# ATTN: Bike punks!! Help!!



## Alleycat Matt (Aug 20, 2011)

I have a Trek 920 Singletrack bicycle with tubeless tires but both tires have gone flat and I do not f*****g know how to fix them. One won't hold air, and the other tires stem is broken off. What do I do? I seriously don't want to have to buy a new tire. I don't even have the money to do so. They're skinny road bike tires. Any help? Please?!?!


----------



## Steve MD (Aug 20, 2011)

If the stem is broken off I really don't see an alternative to replacing it, shitty news.


----------



## Franny (Aug 21, 2011)

How did the stem break off and what does it look like now? I could *try* to think of a solution depending on how it's broken. But like Steve said, slim chance. Tubeless tires rely on the pressure within the tire to hold the valve in the proper position, so even if I can think of something that would help the tire retain air, you might be stuck holding it while glue dries. Even a crude MS paint rendition would be helpful.


----------



## Dmac (Aug 23, 2011)

you could try putting a tube in the tire, if the stem is already broke off. they sell a sealing agent called "green slime" at places like wall-mart and shopco. it works well and could solve your problem. but it is a mess to deal with.


----------



## Teko (Aug 26, 2011)

Alleycat Matt said:


> I have a Trek 920 Singletrack bicycle with tubeless tires but both tires have gone flat and I do not f*****g know how to fix them. One won't hold air, and the other tires stem is broken off. What do I do? I seriously don't want to have to buy a new tire. I don't even have the money to do so. They're skinny road bike tires. Any help? Please?!?!
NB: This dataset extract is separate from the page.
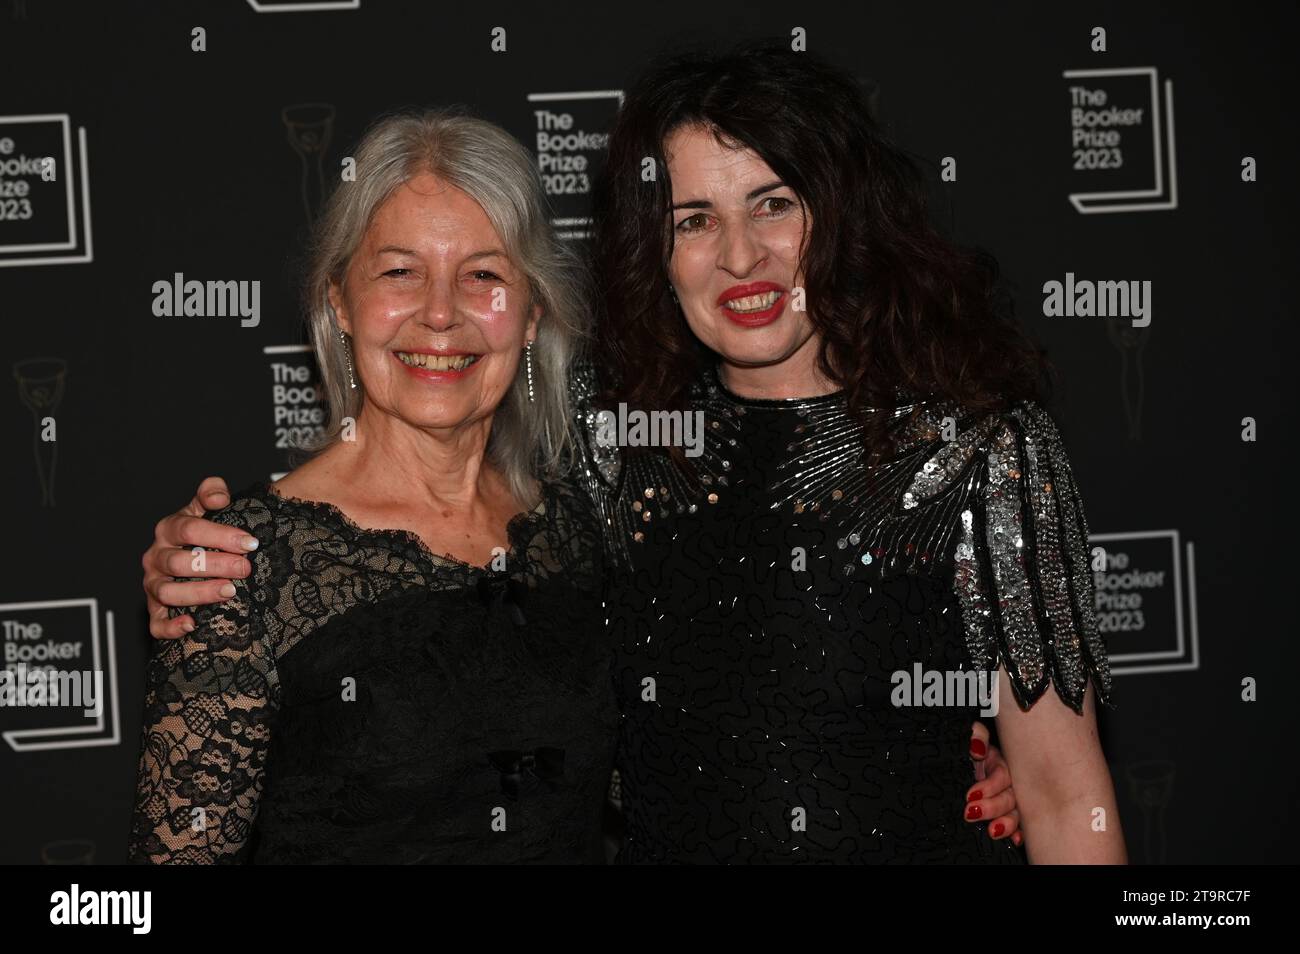 Londra, Regno Unito. 26 novembre 2023. Susan Lynch (R) partecipa alla cerimonia di premiazione del Booker Prize 2023 all'Old Billingsgate, Londra, Regno Unito. Credito: Vedere li/Picture Capital/Alamy Live News Foto Stock

simple go steal cheap tires. also try to steal some of that tire sealer in a can. it holds the hole together for a decent amount of time. enough to get you to the store to steal more.


----------



## wartomods (Aug 26, 2011)

just get some rubber glue, and try to fix it, or just get tubes and try to run it as a tube tires


----------



## bikegeek666 (Aug 26, 2011)

i don't think you can do that. i don't have too much experience with tubular but i do have a pair of tubular rims hanging out in my parts pile and there is definitely no hook on the rim for the bead to sit in.


----------



## Dmac (Aug 28, 2011)

?... my mountain bike has tube tires and there is definatly a hook for the tire bead to set in. it is probably a diferent make then what bikegeek has.


----------



## bryanpaul (Aug 28, 2011)

I'm gonna throw my question up in this thread: i ran over a chunk of asphalt and bent my back rim...do any of you out there know of a good trick to straighten out a rim? (other than using two hands and a knee) thanx i made it green to get your attention


----------



## Blacknose (Aug 31, 2011)

bikegeek666 said:


> i don't think you can do that. i don't have too much experience with tubular but i do have a pair of tubular rims hanging out in my parts pile and there is definitely no hook on the rim for the bead to sit in.



I dont think you're talking about the same thing! As far as i got it "Alleycat Mat" has a bike with tubeless tires not tubs , you can always throw a tube in them if they dont hold air . So the rims have hooks ..

bryanpaul

if theres a radial runout you will have a hard time getting it close to unnoticeable , do you know how to true a wheel? I'd relieve the spoke tension on the whole wheel and then try to straighten the rim - bench, woodblocks, hammer ... i might get a lot easier if you actually unlace the rim (just tape the spokes together so you can just pop the rim back on
dont know any magic tricks to get it out
sry if i just told you stuff you already know..


----------



## bikegeek666 (Sep 10, 2011)

you know, i think maybe we aren't talking about the same thing, i just picked up a tubless front wheel for my mountain bike and it looks like i can definitely put a regular tire and tube on it. have yet to try though. it's at the co-op i volunteer at and am a core member at, so it makes it no loss if it doesn't work.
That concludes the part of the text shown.